In real problems where a decision is a required outcome (e.g. the drug has to be approved or not, the marketing campaign has to be launched or not, the ballplayer is drafted or not), a cut-off value has to be established, and any such value will seem arbitrary to some.
In my opinion, Fisher did us all a favor by establishing a convention of 95% confidence. Without this, it would have been difficult to bring conflicting parties together to make decisions. The result would be even more arbitrary; the numbers would become subordinate to the power and influence of the decision-makers.
What's the alternative?
I agree with David (in his response to Andrew) that Box 2's example of the hungry dog is a silly example. It's not even a statistics problem (it's a toy probability problem). Where's the data and what population value are we trying to estimate?
The "gold standard" of randomized clinical trials is subject to the possibility that an unknown factor not being properly balanced between test and control groups by chance. Again a valid complaint but what is the alternative?
If the unbalanced factor is a known covariate, then a stratified sample solves the problem, or a post-randomization check. Or, one can use post-trial adjustments, such as propensity score methods. If the unbalanced factor is unknown, what else is better than randomization?

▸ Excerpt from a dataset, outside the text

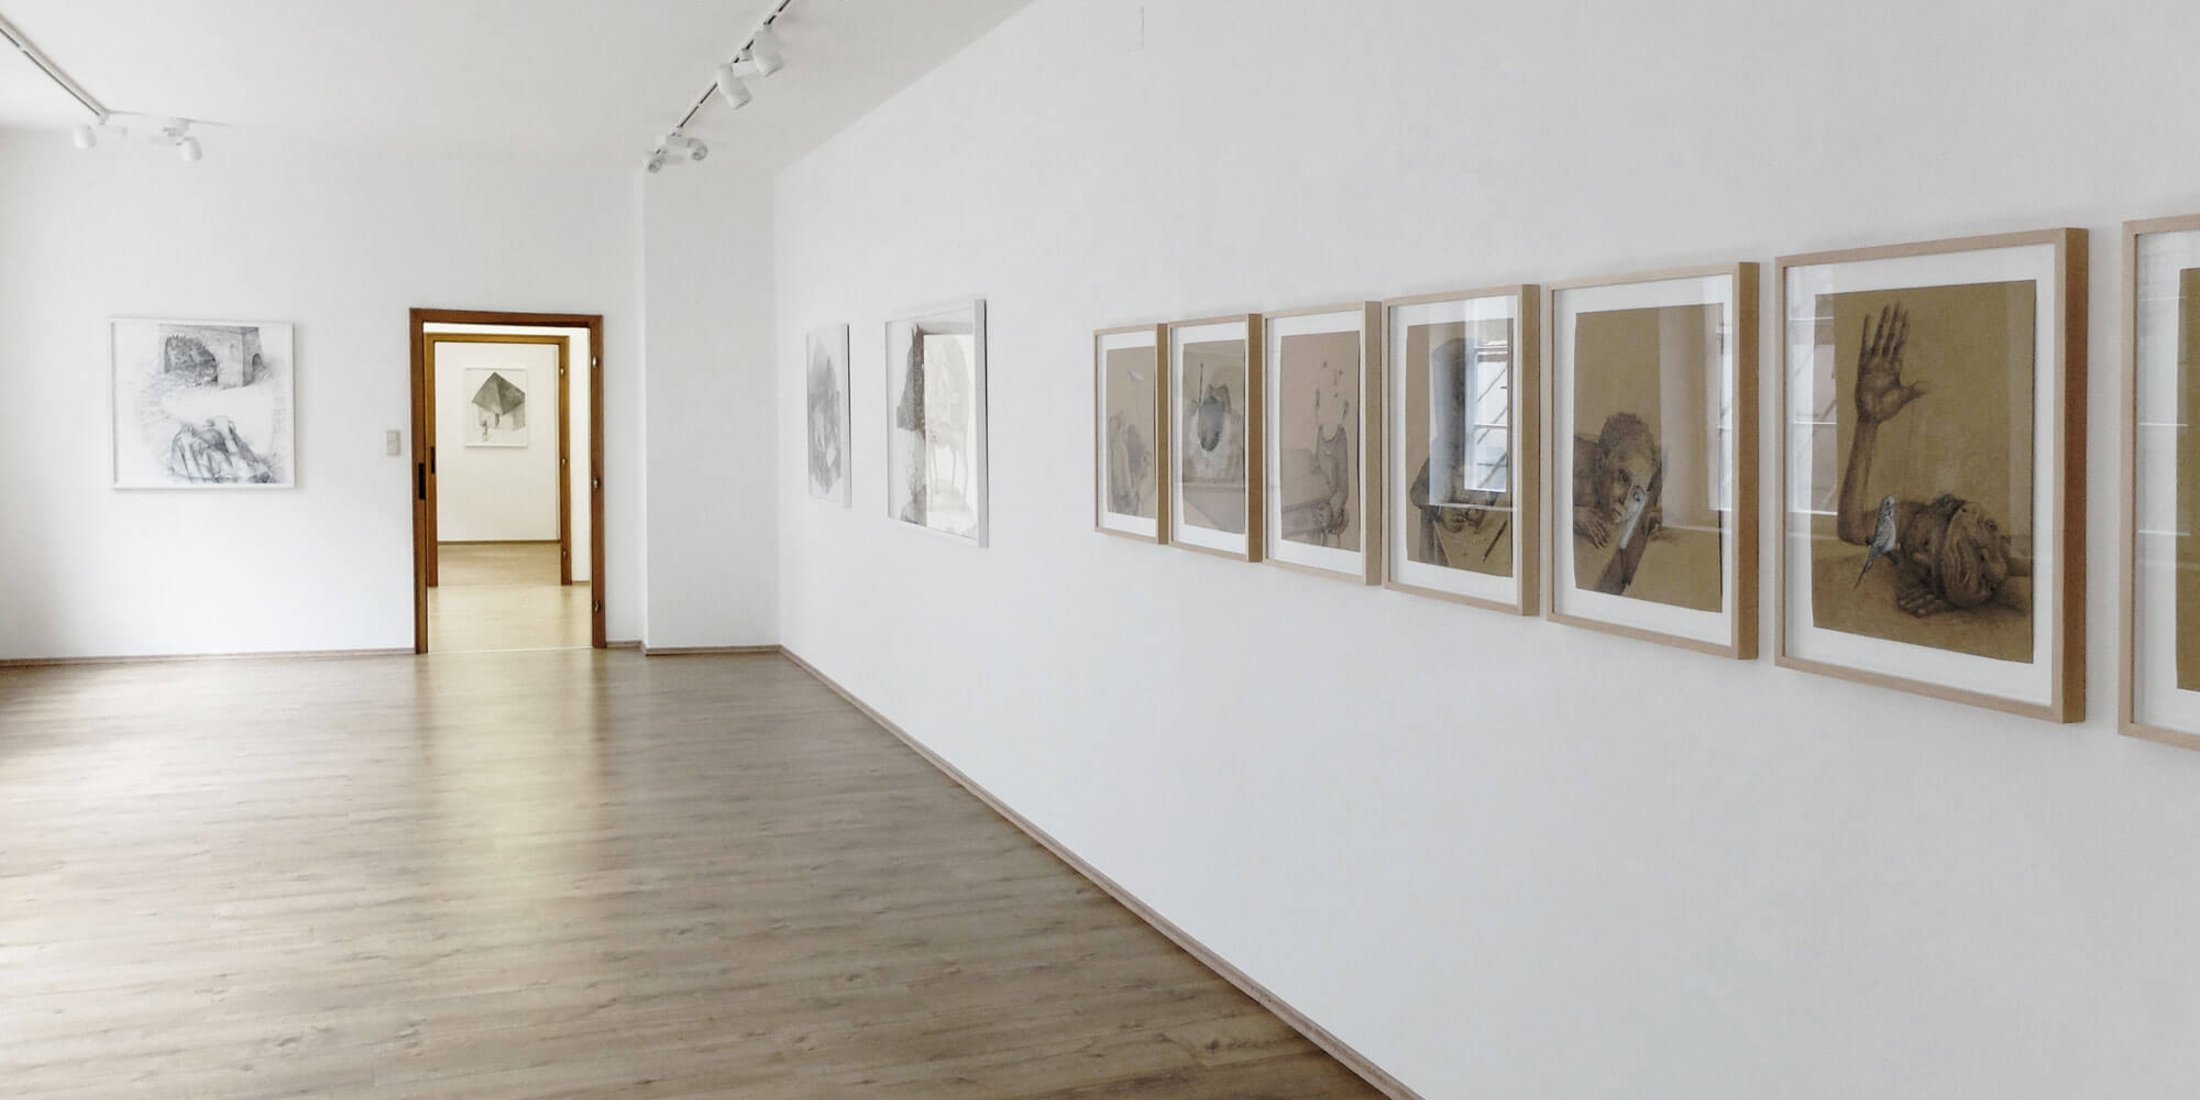  Stefan Zsaitsits Exhibition Ausstellung Galerie Gallery Trapp Salzburg

What is troubling is Siegfried's fondness for sensational language, which ends up painting the profession of statistics in a ridiculous light. A quick sampling includes: "a mutant form of math has deflected science's heart", "seduced by statistics", "like a crapshoot", "dirtiest secret", "flimsy foundation", "inconsistent", "erroneous", "contradictory", "confusing", "spawned countless illegitimate findings"; and these examples come only from the introductory section.
While the article will revive some lively debate among statisticians about the limits of our methods, I think it conveys a lop-sided, misleading impression to the wider audience. It would be far worse for science if scientists abandon statistical analysis.

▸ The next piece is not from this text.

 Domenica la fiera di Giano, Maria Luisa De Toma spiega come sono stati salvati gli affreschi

It is true that statistical conclusions always have a margin of error, that many published findings may be false, and that we don't have a grand unifying principle that everyone agrees with. But it is also true that if what is being measured is not governed by physical laws (which covers most of social science, medicine, business, education, etc.), there is no hope of a "100% certain" science. False results are part of the process of scientific inquiry, not a sign of its failure.